Проходя по фойе, Джеймс, как обычно, наслаждался его оформлением. Это ему принадлежала идея светлой стеклянной стены, мраморного пола и одетых в стекло эскалаторов, оплетенных виноградными лозами среди фикусов, уже вымахавших до тропической высоты.

Первоначально фойе было гораздо темнее, окон в нем было меньше, а растений не было совсем.

Ребенком он не любил приходить в это мрачное место и вовсе не мечтал работать здесь, хотя и знал, что отец будет настаивать на продолжении семейного бизнеса.

Оглядываясь в прошлое, он не мог вспомнить, кем же хотел стать. Может быть, машинистом паровоза? Или путешественником? Но уж точно не банкиром. Отец говорил, что таково его предназначение. Скорее уж рок.

Когда отец умер четыре года назад, Джеймс, тогда управляющий и только в перспективе председатель правления, начал осуществлять реконструкцию здания банка, чтобы создать более приятную рабочую атмосферу для сотрудников и клиентов. Переоборудование обошлось в миллионы, но всякий раз, глядя на наполненные светом и зеленью помещения, он с удовольствием отмечал, что деньги потрачены не зря.

Темное и мрачное здание его детства навеки похоронено в памяти.

Он поспешил через вертящиеся двери к открытой шофером дверце белого «даймлера». Джеймс сел на заднее сиденье и вздохнул с облегчением. Барни закрыл дверцу и пошел к водительскому месту.

— Запри двери! — приказал Джеймс, и Барни удивленно подчинился.

— Никак что-то случилось, мистер Джеймс?

— Нет. И не хочу, чтобы случилось, — загадочно ответил Джеймс, решив не говорить о визите Пейшенс Кирби.

Пятидесятилетний Барни Кинг работал на семью Ормондов многие годы. Когда-то он отвез десятилетнего Джеймса, бледного и с ледяными ладошками, в школу-интернат, потом доставил в Кембридж пытающегося выглядеть взрослым восемнадцатилетнего студента, и он же возил на работу и обратно, в изысканный дом на Риджентс-парк, старого мистера Ормонда. Сам Барни с женой жили там же, в квартире над гаражом.

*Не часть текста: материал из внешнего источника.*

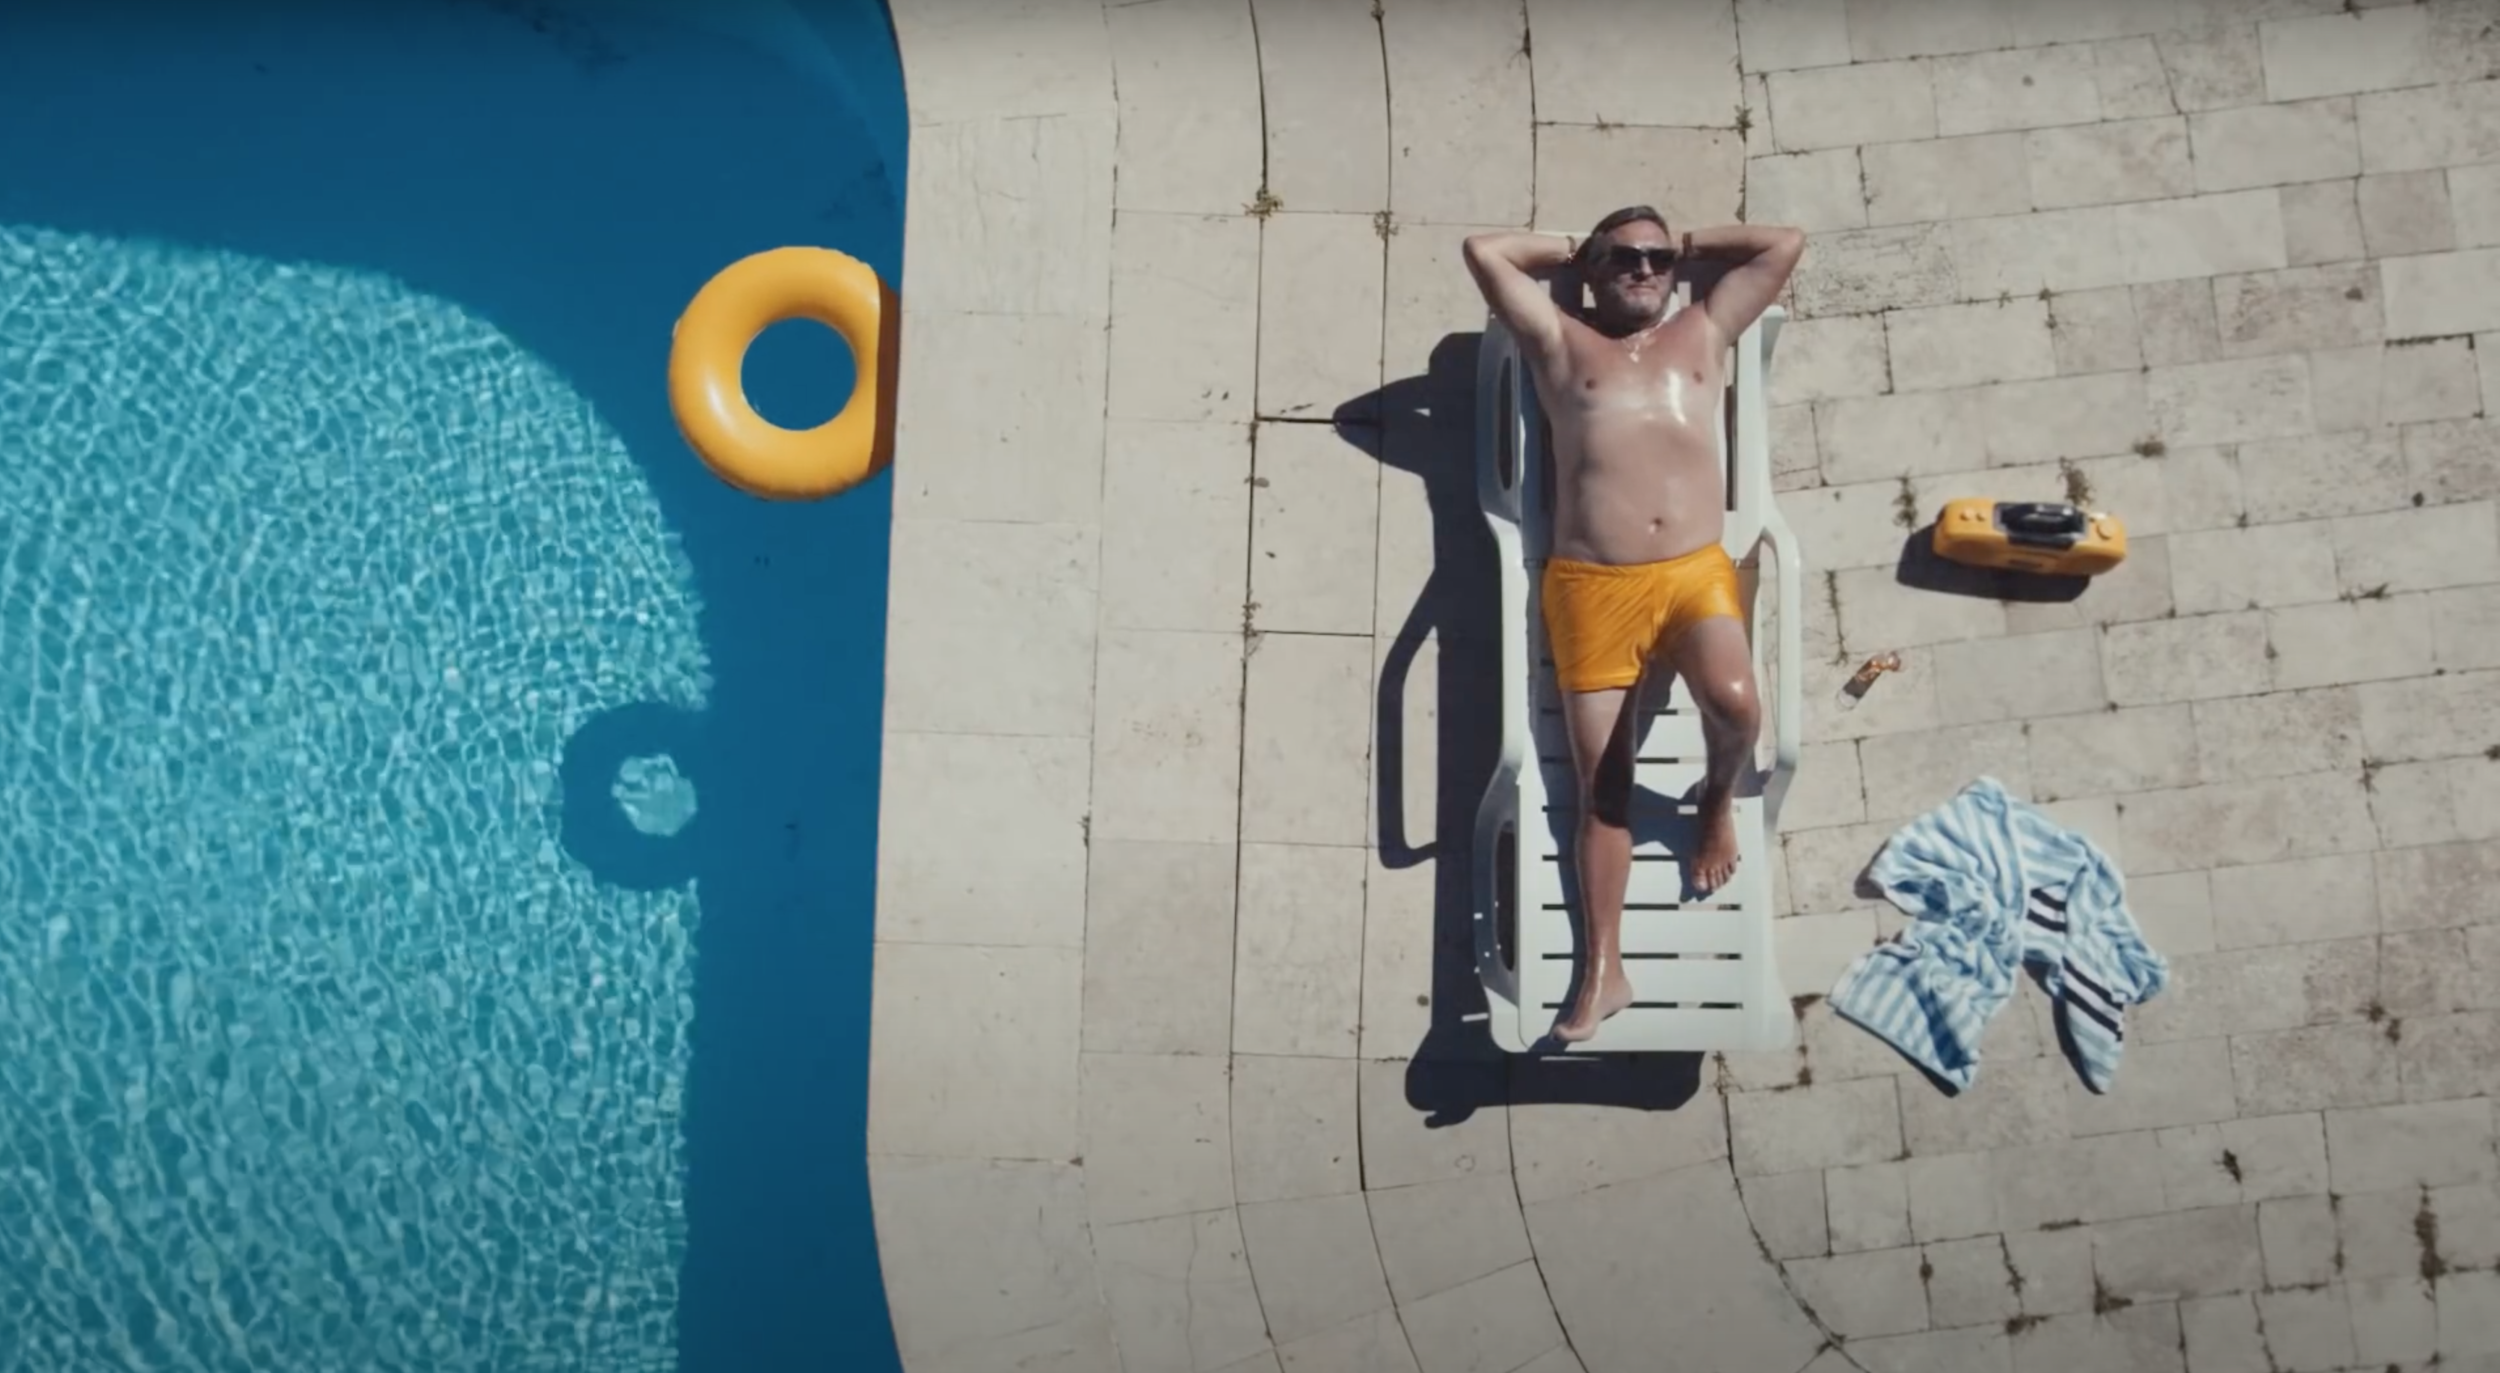 Ballantine's - Stay True: There's No Wrong Way

Барни и Инид были важной частью жизни Джеймса. Даже более важной, чем мисс Ропер, потому что они знали его еще ребенком и были добры, когда он нуждался в доброте, скрашивали его детское одиночество. Вспоминая детство, он думал о них чаще, чем об отце. Они стали для него почти родителями, и Джеймс с удовольствием вспоминал, как сидел с ними на кухне, ел сдобренные маслом лепешки и бутерброды с джемом, никогда не допускавшиеся в официальные трапезы, которые он делил с отцом.

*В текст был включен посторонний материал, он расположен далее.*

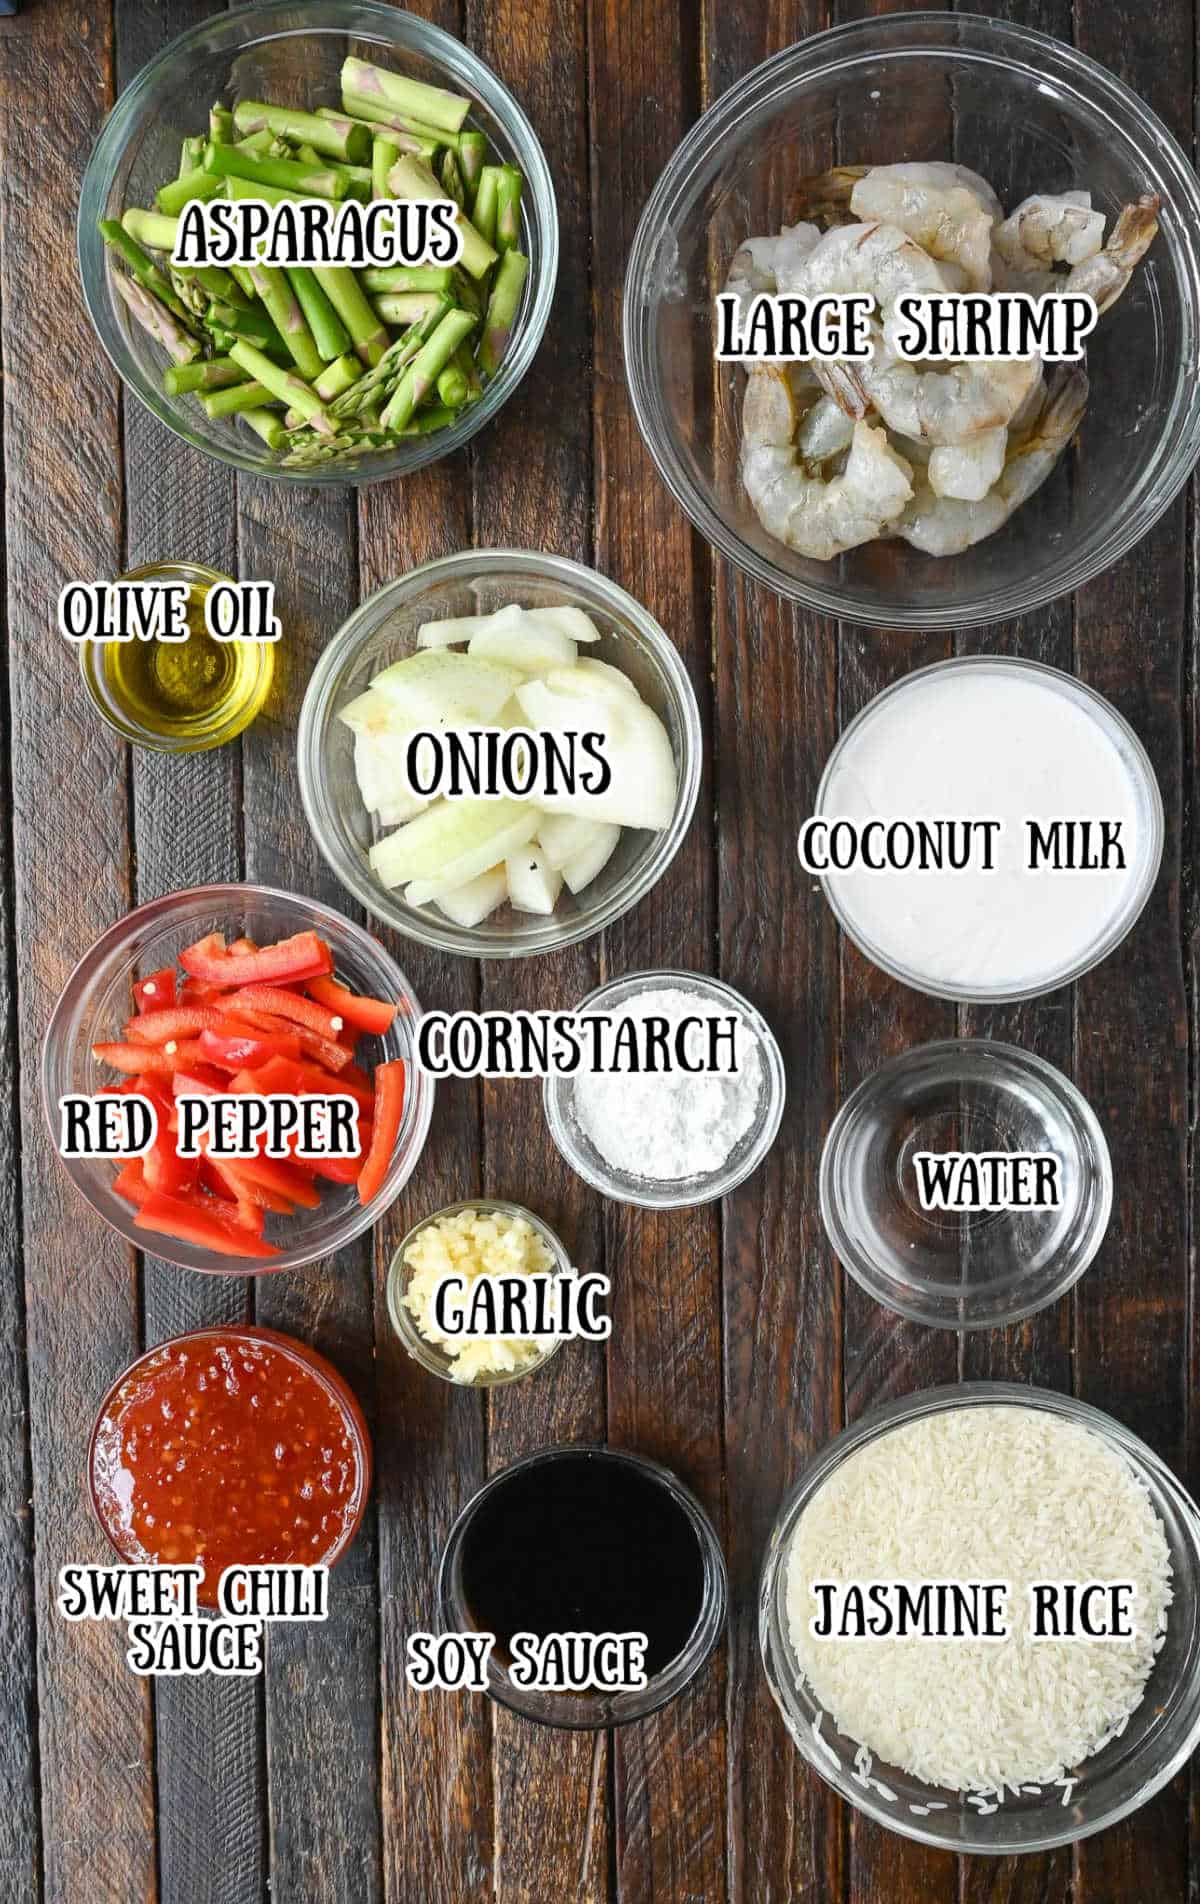 All the ingredients needed for this stir fry.

Джеймс глядел в окно машины. Похоже, Пейшенс Кирби сдалась и убралась восвояси. Он вдруг вспомнил теплые, мягкие ладошки, цеплявшиеся за его ноги, и в груди шевельнулось незнакомое чувство.

Он нахмурился, злясь на себя, отогнал воспоминание, достал из «дипломата» финансовый отчет и снова принялся просматривать его. Нужно было освежить детали перед встречей с Чарлзом.

Движение на Пиккадилли было плотным, как обычно, но Барни сумел подъехать прямо ко входу в «Ритц».

— Я позвоню через пару часов, — сказал Джеймс, выходя.

Чарлз пил коктейль в зимнем саду. Он приветливо помахал Джеймсу и подозвал официанта, чтобы сделать заказ.

— Прекрасный денек, не правда ли?

— В самом деле? — рассеянно отозвался Джеймс. — Я не обратил внимания.

— Вот так Джимми! — расхохотался Чарлз. — Работа, работа — и никаких удовольствий.

Чарлза совершенно не беспокоил тот факт, что Джеймсу не нравится обращение «Джимми». Потягивая коктейль, Джеймс изучил меню и остановился на салате с анчоусами под «пармезаном» и дуврской камбале со спаржей и молодым картофелем.

— Хорошо зажаренную и без костей, — указал он, и метрдотель солидно кивнул.

— Да, сэр.

— Обедая с тобой, Джимми, я начинаю верить в переселение душ. Ты — вылитый отец. Стоит тебе раскрыть рот, и кажется, что время обратилось вспять.

— Ты мне льстишь, — сказал Джеймс, прекрасно понимая, что Чарлз не собирался делать комплимент. — Я был очень привязан к отцу.

— В самом деле? — скривился Чарлз. — Я своего ненавидел. Этот унылый викторианец непрерывно читал мне нотации.

Мужчины сидели в красивой столовой с видом на Грин-парк. Их столик располагался в углу, у приоткрытого окна, в которое влетал мягкий весенний ветерок.

За едой они вели деловой разговор, но время от времени Джеймс поглядывал через окно в парк, на склоненные золотые головки нарциссов под деревьями, на ветвях которых начинала появляться ярко-зеленая листва.

Заметив его рассеянность, Чарлз ухмыльнулся.

— Как Фиона, Джимми?

Джеймса в очередной раз передернуло от этого фамильярного обращения, но он сдержался.

— Хорошо, спасибо.

— Восхитительная девушка, везунчик ты эдакий! Вот уж не отказался бы поменяться с тобой местами. Ты ведь с ней уже давно встречаешься? Скоро помолвка?

Джеймс ответил ледяным взглядом. Они не были столь близкими друзьями, чтобы обсуждать вопросы личной жизни.

Не дождавшись ответа, Чарлз предположил:

— Не спешишь связывать себе руки? Хотел бы я быть так же умен в свое время. Но уж теперь научен. Больше никаких браков. Только интрижки.

В свои пятьдесят с небольшим элегантный и стройный Чарлз с чуть проблескивающим серебром в черных волосах был женат четыре раза и сейчас находился в середине бракоразводного процесса с последней женой — шикарной телезвездой гораздо моложе его.

Как-то, возвратившись домой поздно вечером после делового ужина, Чарлз застал ее в постели с партнером по сериалу. Может быть, он и не принял бы все так близко к сердцу, не происходи это на супружеской постели — его постели — и не будь партнер ровесником жены и половым гигантом.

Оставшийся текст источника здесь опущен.